Analysis Reviews

GoIndieNow Presents TOP INDIE FILMS OF 2020, PART 2: FILMS 10-6

GoIndieNow Presents is an occasional column featuring the third Plotaholics, Joe Compton. In these columns, Joe will discuss that state of indie film and offer suggestions for worthwhile media to consume in that market. This iteration of GoIndieNow Presents is a three-part exploration of 2020’s indie film landscape.

Hello, Plotaholics faithful. Joe Compton (the third Plotaholic) here.

Let’s be honest: 2020 sucked. Who knows what all of it means as far as 2021 goes, especially when it comes to Independent Film, which is something I cover over at Go Indie Now. But as for now, I am here to continue discussing the best in indie film from 2020.

Today, we kick off my Top 10 list with entries 10-6.


SYNOPSIS: From 1984 to 2019, filmmaker Lynne Sachs shot film, videotape and digital images with her father, Ira Sachs, a bohemian businessman from Park City. This film is her attempt to understand the web that connects a child to her parent and a sister to eight siblings, some of whom she has known all of her life, others she only recently discovered. With a nod to the Cubist renderings of a face, her film offers sometimes contradictory views of one seemingly unknowable man who is always there, public, in the center of the frame, yet somehow ensconced in secrets.

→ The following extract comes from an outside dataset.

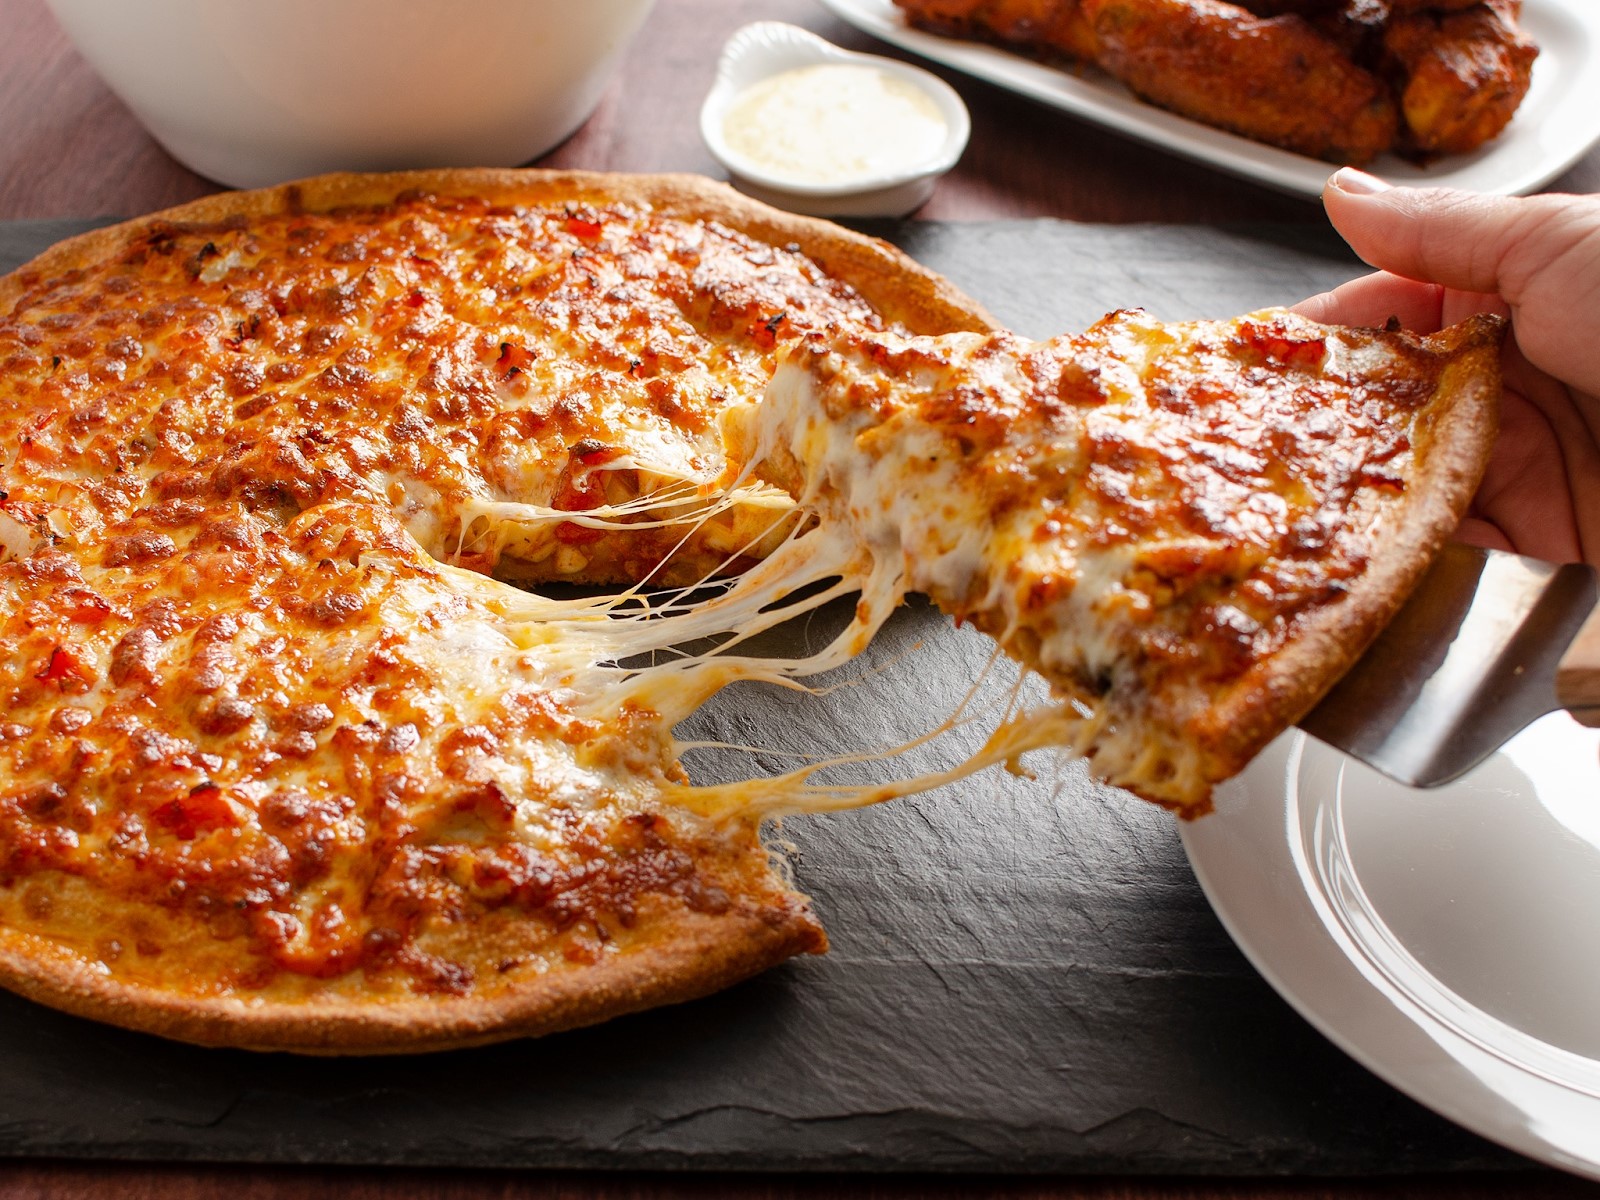 chiếc pizza hấp dẫn bởi lớp phô mai kéo sợi béo ngậy
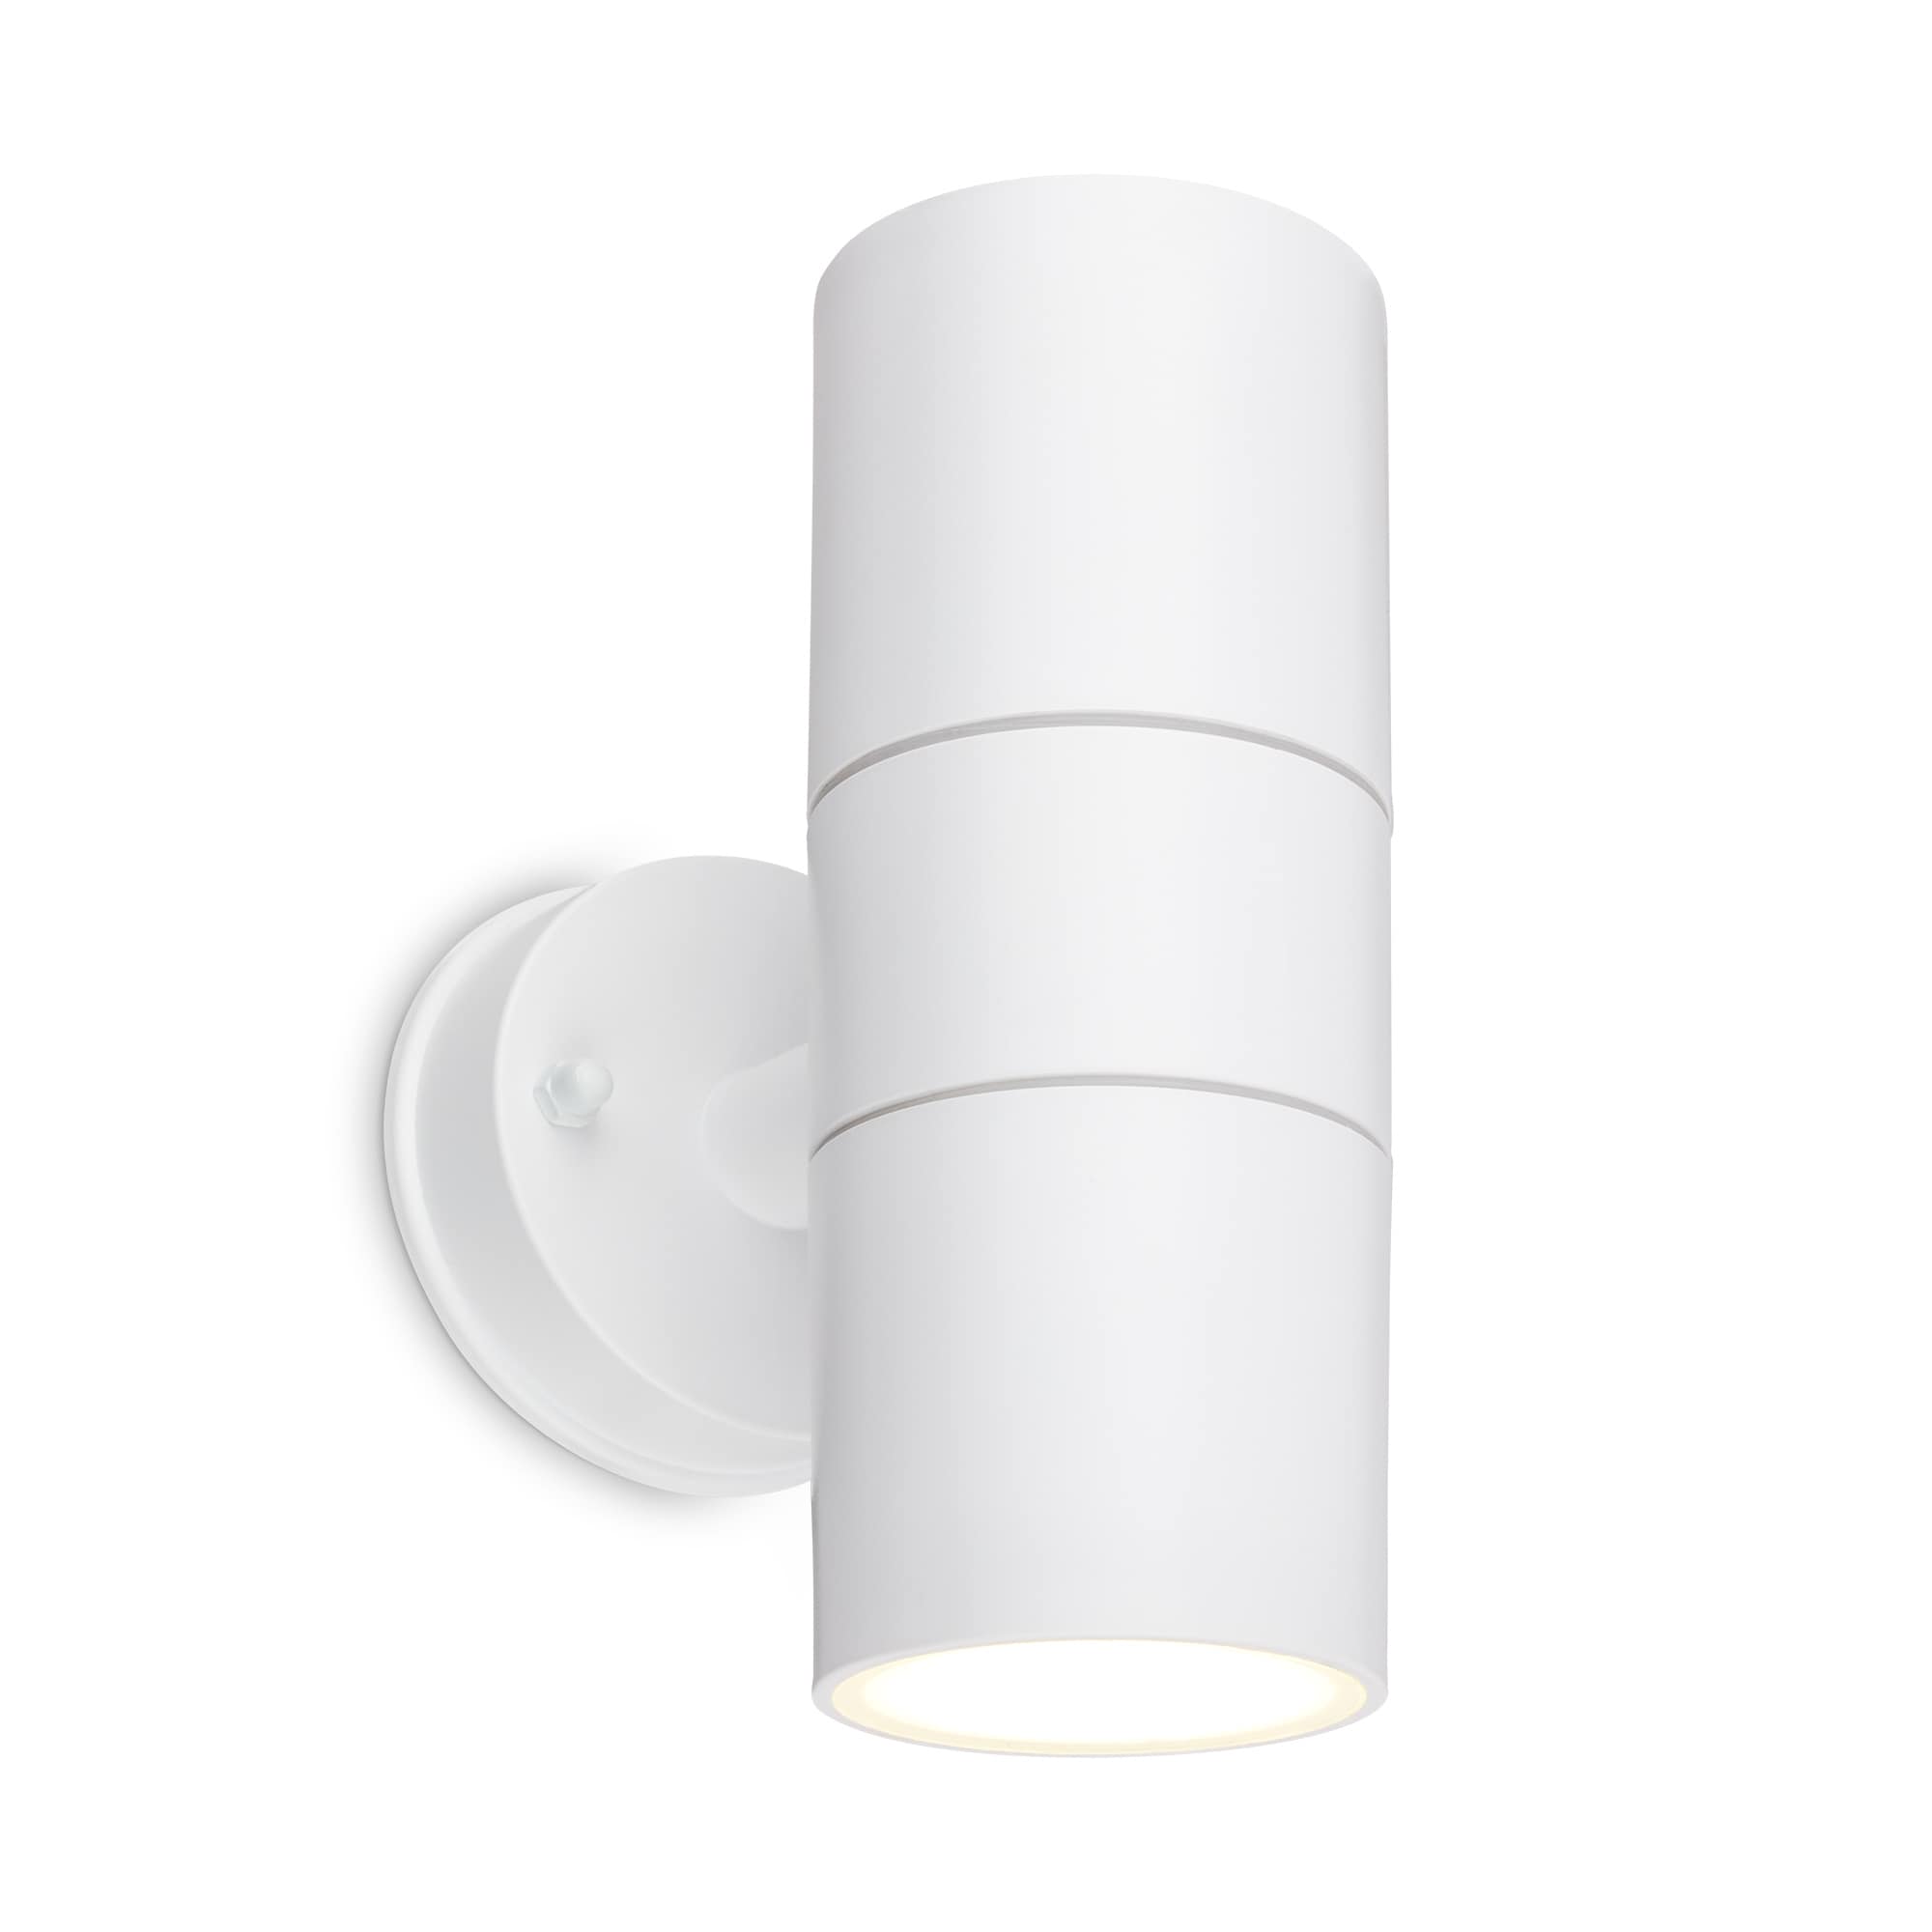 Briloner LED wall lamp, protezione dagli spruzzi d'acqua e dalla polvere, up & downlight

WHAT THIS FILM DOES WELL: Lynne is a legend, and her style and abilities are at the top of the list in terms of Documentarians and their storytelling styles, but this one is so different. It is almost by nature that this has to be presented as it is, but it serves as a triumph and not a crutch or gimmick. There is no avoiding the fact that not every shot was composed and lit or mic’ ed properly. Yet, in true Lynne Sachs form, she weaves such an intricate and intimate narrative that twists and turns with the best of them. You almost expect there might have been some prior planned composition to those “home movie” shots.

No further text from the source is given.